- Active: 1940
- Disbanded: 28 May 1940
- Country: Belgium
- Branch: Belgian Army
- Type: Armoured cavalry
- Role: Armoured reconnaissance Artillery observer Close-quarters battle Combined arms Counter-battery fire Fire support Indirect fire Maneuver warfare Military engineering Military logistics Raiding Screening Trench warfare
- Size: Division
- Part of: Cavalry Corps
- Garrison/HQ: Leuven
- Engagements: Second World War Battle of Belgium; ;

Commanders
- Notable commanders: Major General, Joseph Beernaert

= 2nd Cavalry Division (Belgium) =

The 2nd Cavalry Division was an armoured cavalry division-sized support detachment of the Belgian Army that fought at the Battle of Belgium during the Second World War.

== History ==

=== First World War ===

At the start of World War I, the 2nd Cavalry Division was not formed yet, but was part of a reserve Cavalry Division as ‘2nd Cavalry Brigade.’ Its headquarters are located in Ghent, and the brigade was composed of the 4th and 5th Lancer Regiments. It also commanded a Chasseurs Regiment. (4th Chasseurs)

=== Second World War ===
Source:

When war was announced, most regiments of 2nd Cavalry Division were brought to full strength like its counterpart, 1st Cavalry Division. They were also split up, with 1st Regiment Lancers, and 4th Regiment Carabiner -Cyclists sent north near Liège with the rest of III Corp. After countless reinforcements sent to Group Ninitte, the 2nd Cavalry Division finally set up a defensive line near Demer/Gate position.

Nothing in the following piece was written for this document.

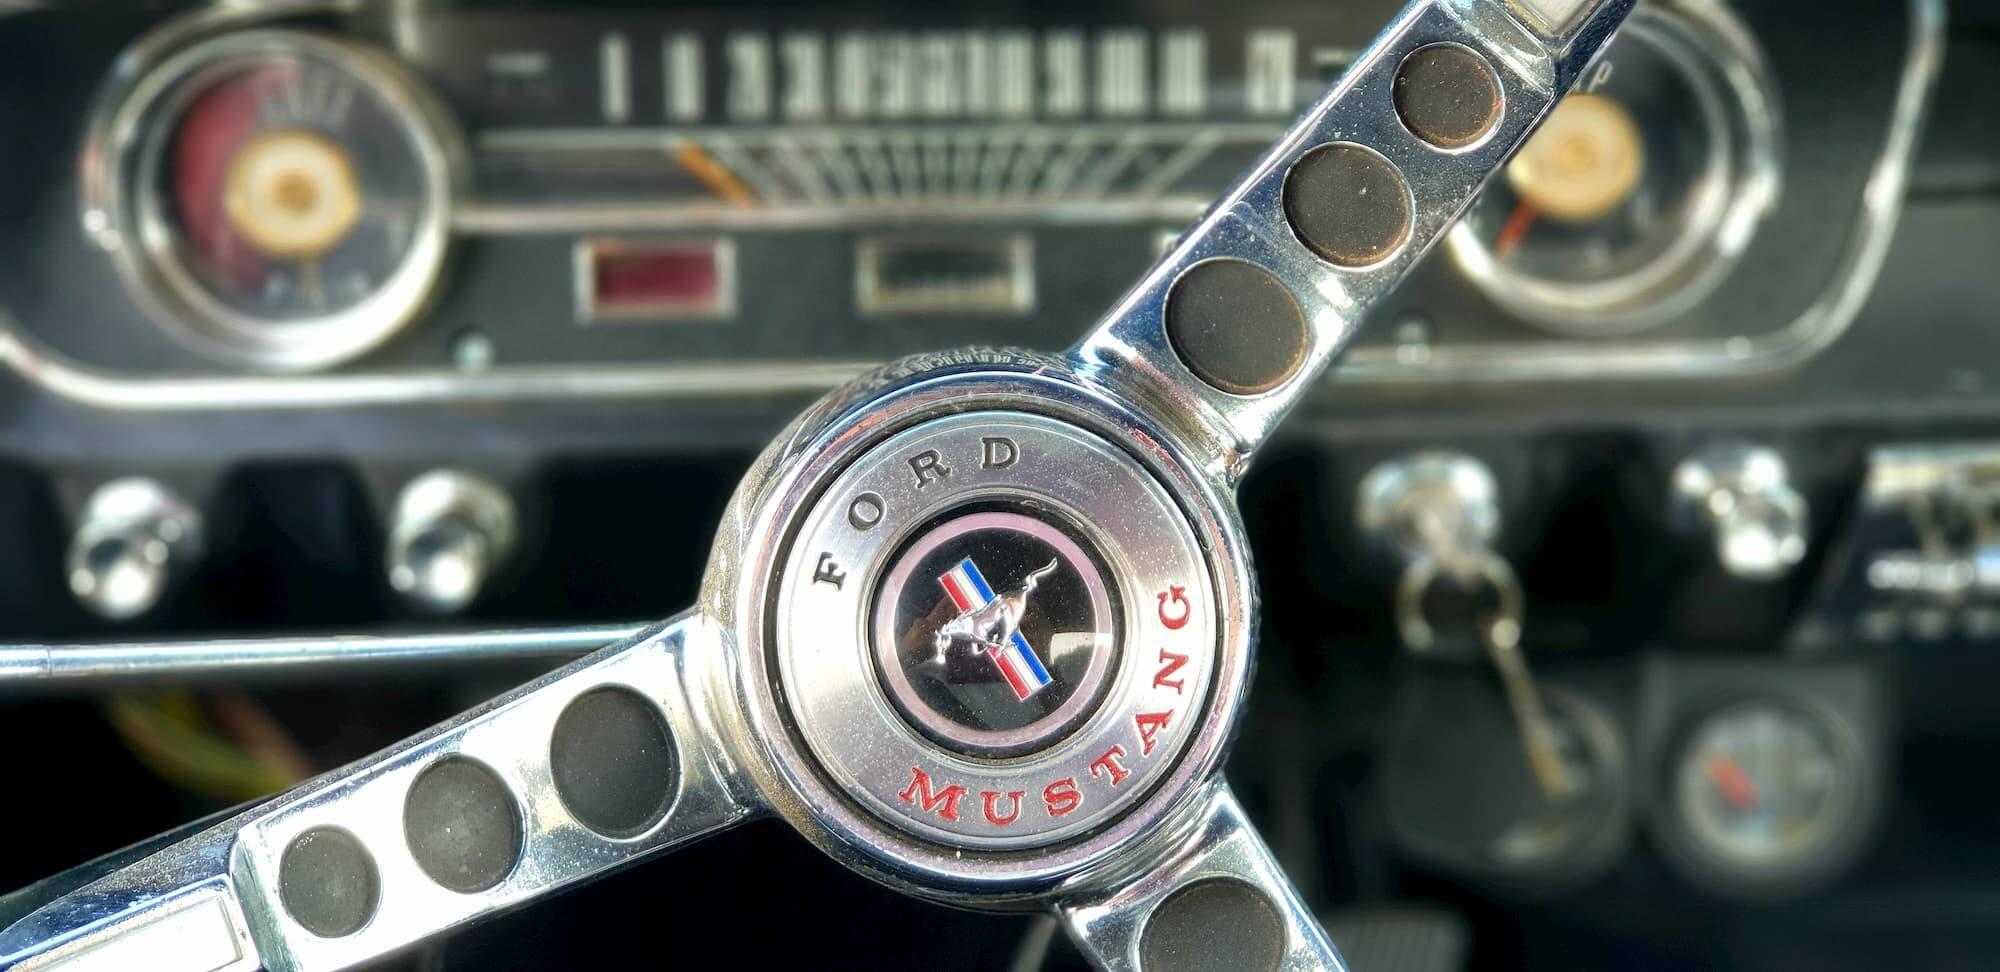 Restauration automobile de voitures américaines - Ford Mustang

At the start of hostilities, the 3rd Regiment Lancers were fully under the command of the 2nd Cavalry Division from orders by the high command. After the loss of the Ardennes, the 2nd Cavalry Division was reinforced with the 2nd Regiment Jagers te Paard. Heavy fighting takes place at the Northern Sector as the Germans deal significant losses to the 36th Line Regiment.

The 2nd Cavalry Division deploys as much artillery in Demer as possible, as if not, the Germans might break through the defenses at a rapid pace. Demer was reinforced with forces from 10th Infantry Division. The German pressure on Demer is increasing, as a breakthrough in the north came tantalizing close to encircling the entire 2nd Cavalry Division stationed there.

A retreat to the K-W line was signalled on May 13. The division was placed west of Mechelen, but when the Allied command abandoned the K-W line, the 2nd Cavalry Division and the rest of the Belgian army had to retreat. The 2nd Cavalry Division was deployed west of Doel.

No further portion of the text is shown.